Riccardi, Placido, Bl.
RICCARDI, PLACIDO, BL.
Benedictine priest; b. Trevi, Italy, June 24, 1844; d. Rome, March 14, 1915. He was baptized Tommaso. After studying philosophy at the Angelicum in Rome, he joined the Benedictines in Rome at the Abbey of saint paul-outside-the walls (1867) and took the name Placido. In 1870 he was arrested for not presenting himself for military service, and was sentenced by a military tribunal in Florence to a one-year imprisonment as a deserter. The following month he was released from prison and placed in the army. After a month's service he was declared incapable of military service and dismissed. Thereupon he returned to his abbey and was ordained (1871). After spending several years there in various positions, he became in 1884 vicar for his abbot at S. Magno d'Amelia, a convent of Benedictine sisters juridically dependent on St. Paul's. In 1885 he returned to Rome as master of novices. He went again to S. Magno in 1887 as spiritual director for the sisters, and became highly esteemed as confessor for the clergy of that area. In 1895 he became rector of the ancient basilica in Farfa. His zealous labors there as pastor for the local faithful and his care for the pilgrims to Farfa gained him the title of apostle of the Sabine region. Serious illness caused him to spend his last three years in Rome.
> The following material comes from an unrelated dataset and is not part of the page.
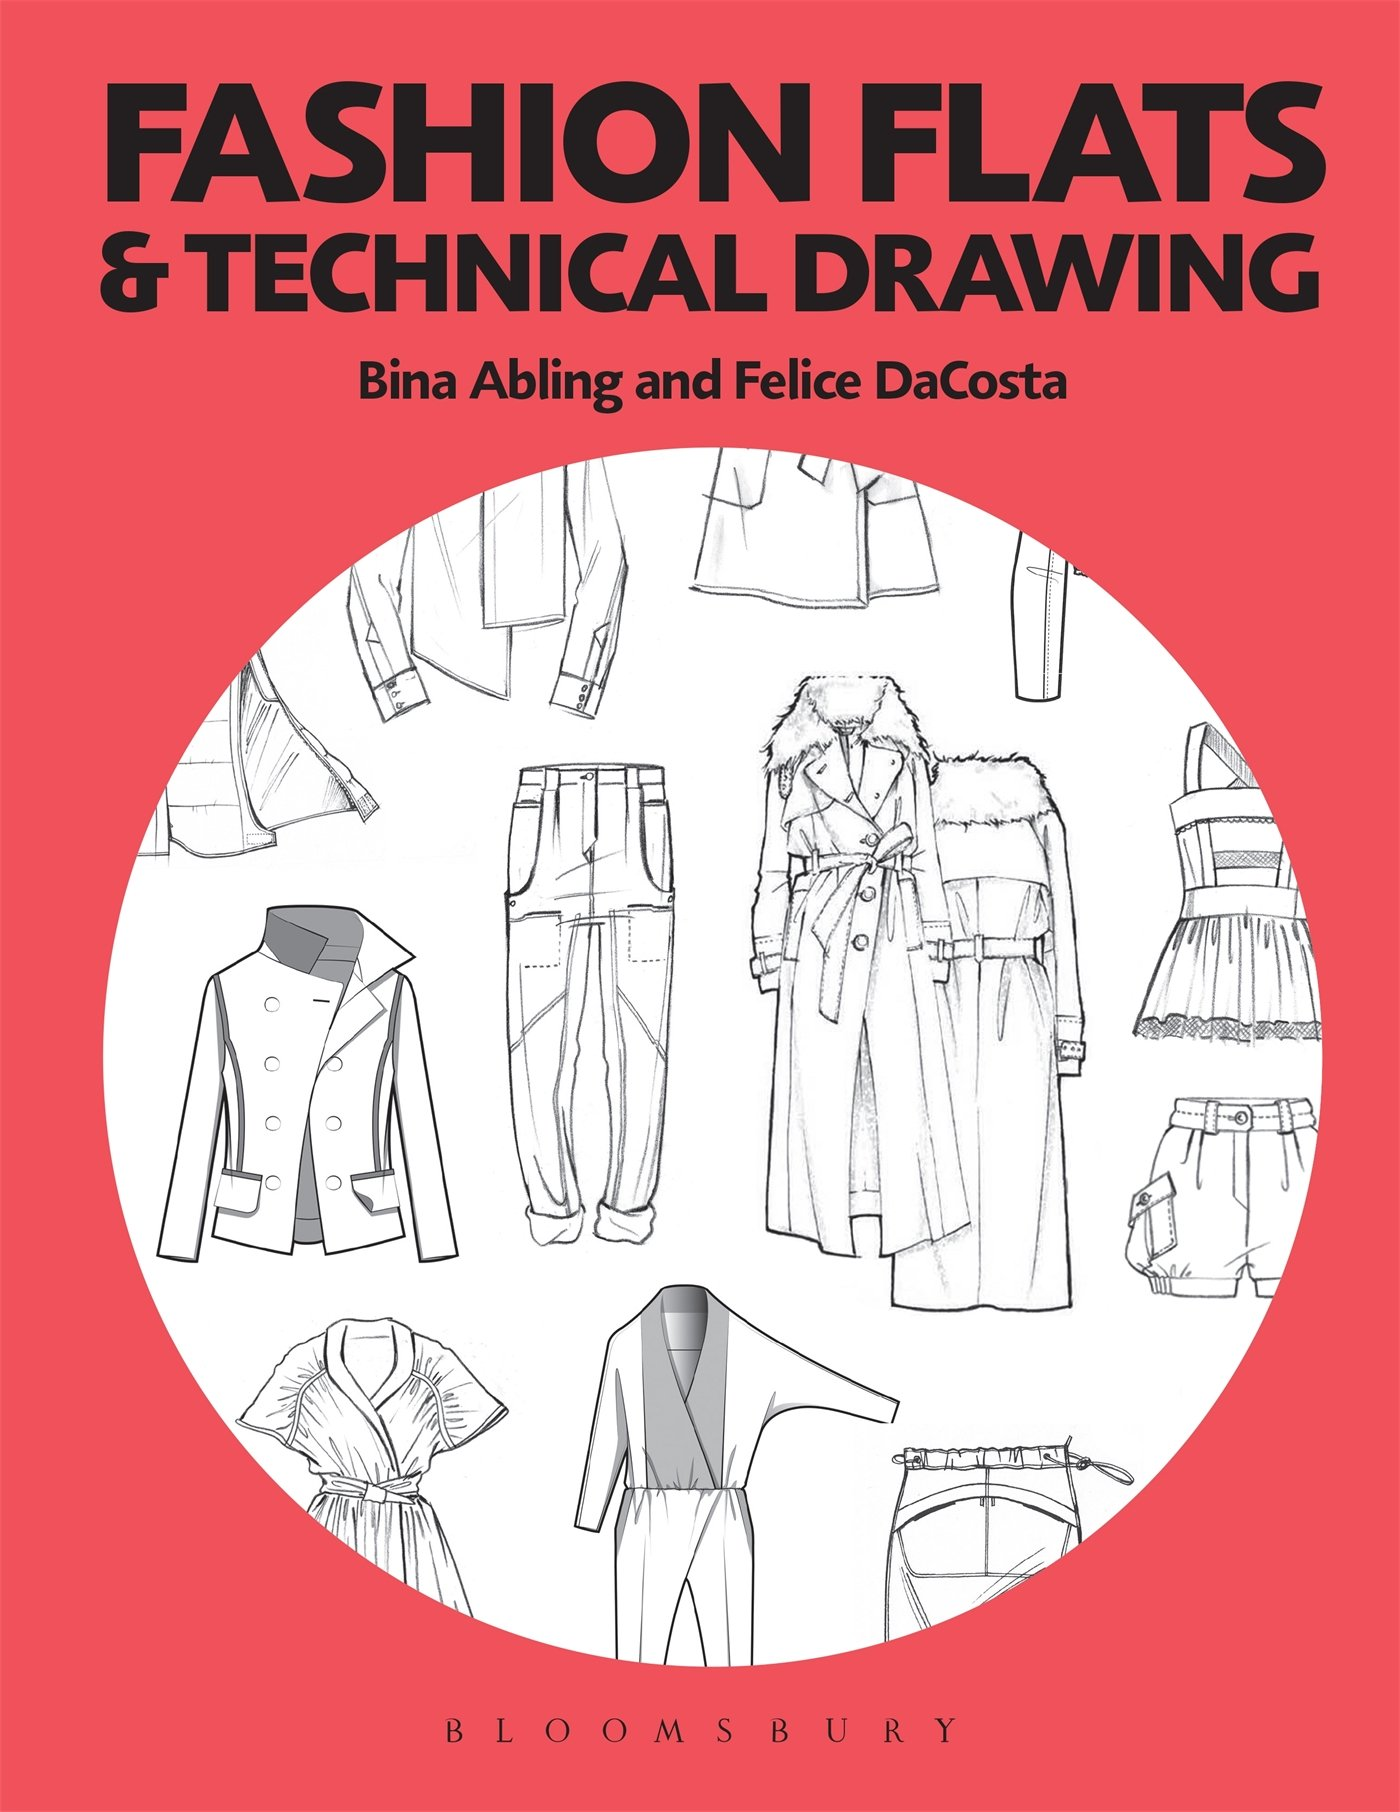 Technical Flats | Roman fashion, Technical drawing, Flat

He was beatified in 1954.
Feast: March 14.
Bibliography: p. granfield, "Blessed Placid Riccardi," American Benedictine Review 5 (1954) 299–305. i. schuster, Profilo Storico del beato Placido Riccardi (Milan 1954). j. l. baudot and l. chaussin, Vies des saints et des bienheureux selon l'ordre du calendrier avec l'historique des fêtes, ed. by the Benedictines of Paris, 12 v. (Paris 1935–56); v. 13, suppl. and table générale (1959) 228–234.